Final Answer:
The potential difference between point A and point B is 10 volts.
Step-by-step explanation:
The potential difference (V) between two points in an electric field is the work done (W) in moving a positive test charge (q) from one point to the other, divided by the magnitude of the charge. Mathematically, it is expressed as V = W/q.
In this scenario, let's consider moving a charge of 1 Coulomb from point A to point B. The formula becomes V = W/1 C. Given that the work done is equal to the product of the charge and the potential difference (W = qV), we can rewrite the equation as V = qV/1 C. Solving for V, we find that the potential difference is 10 volts.
The concept of potential difference is crucial in understanding electrical circuits. It represents the energy per unit charge required to move a charge between two points. In the context of this question, a 10-volt potential difference indicates that it takes 10 joules of energy to move a 1-Coulomb charge from point A to point B.

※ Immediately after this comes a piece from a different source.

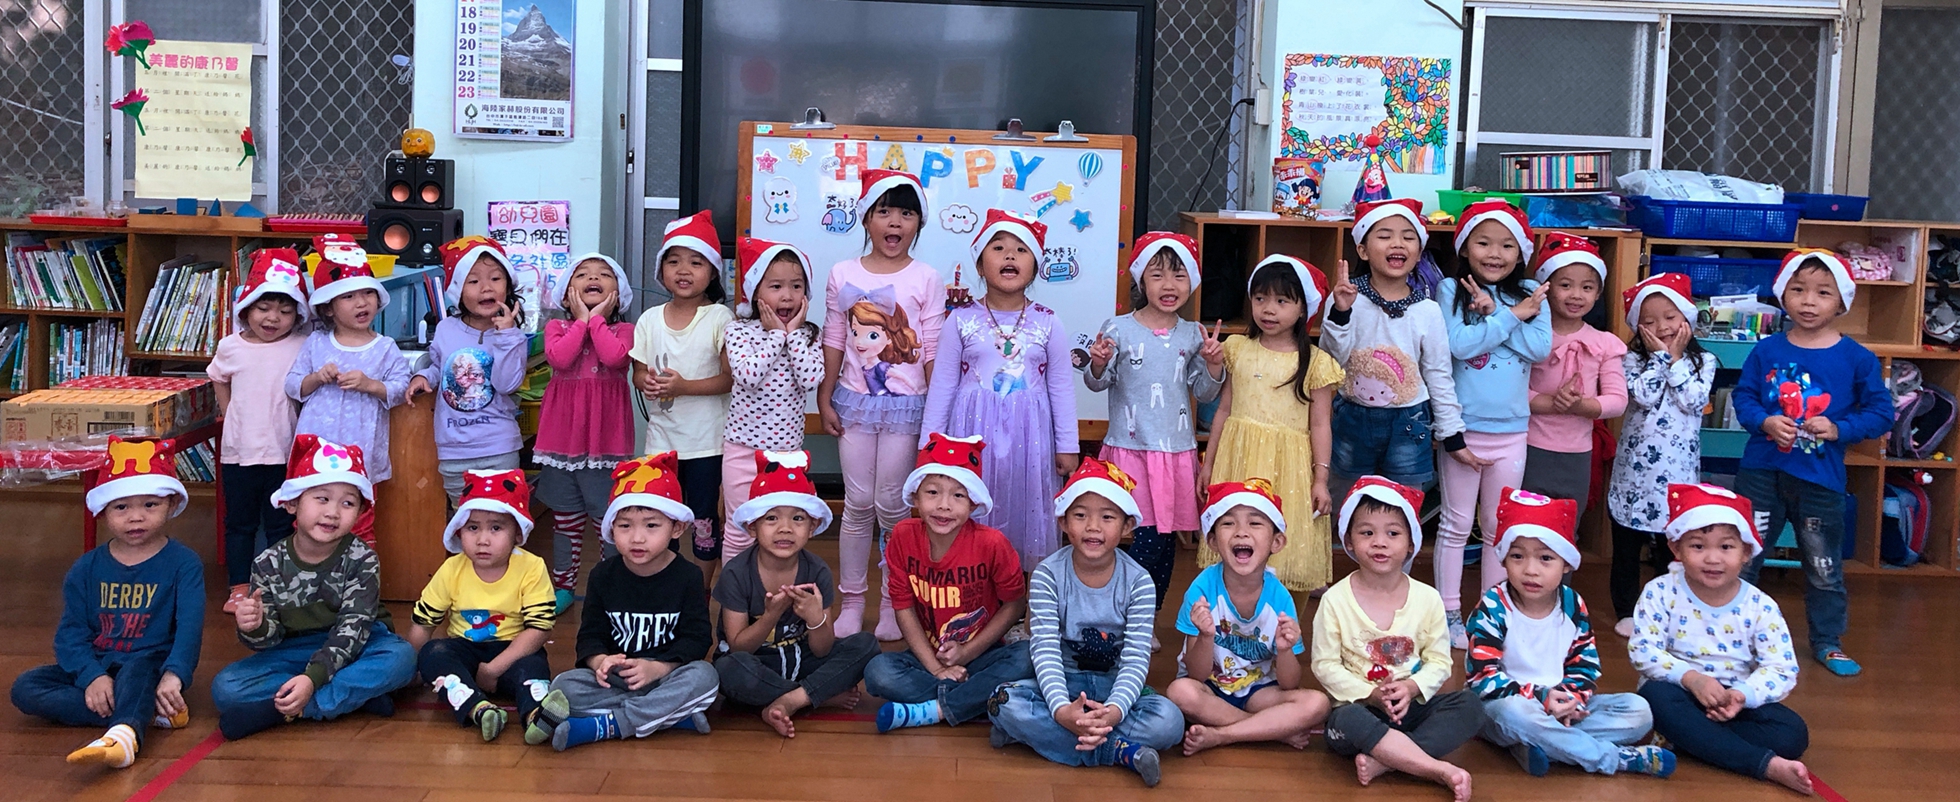 幼兒園配合聖誕節活動製作聖誕帽

This energy is transformed into various forms, such as heat or light, depending on the components in the circuit. Engineers and physicists use potential difference as a fundamental parameter in designing and analyzing electrical systems, ensuring efficient energy transfer and proper functioning of devices.
In summary, the 10-volt potential difference between point A and point B signifies the energy required to move a unit positive charge between these points. This understanding is foundational in the field of electrical engineering and plays a pivotal role in designing and optimizing various electronic systems.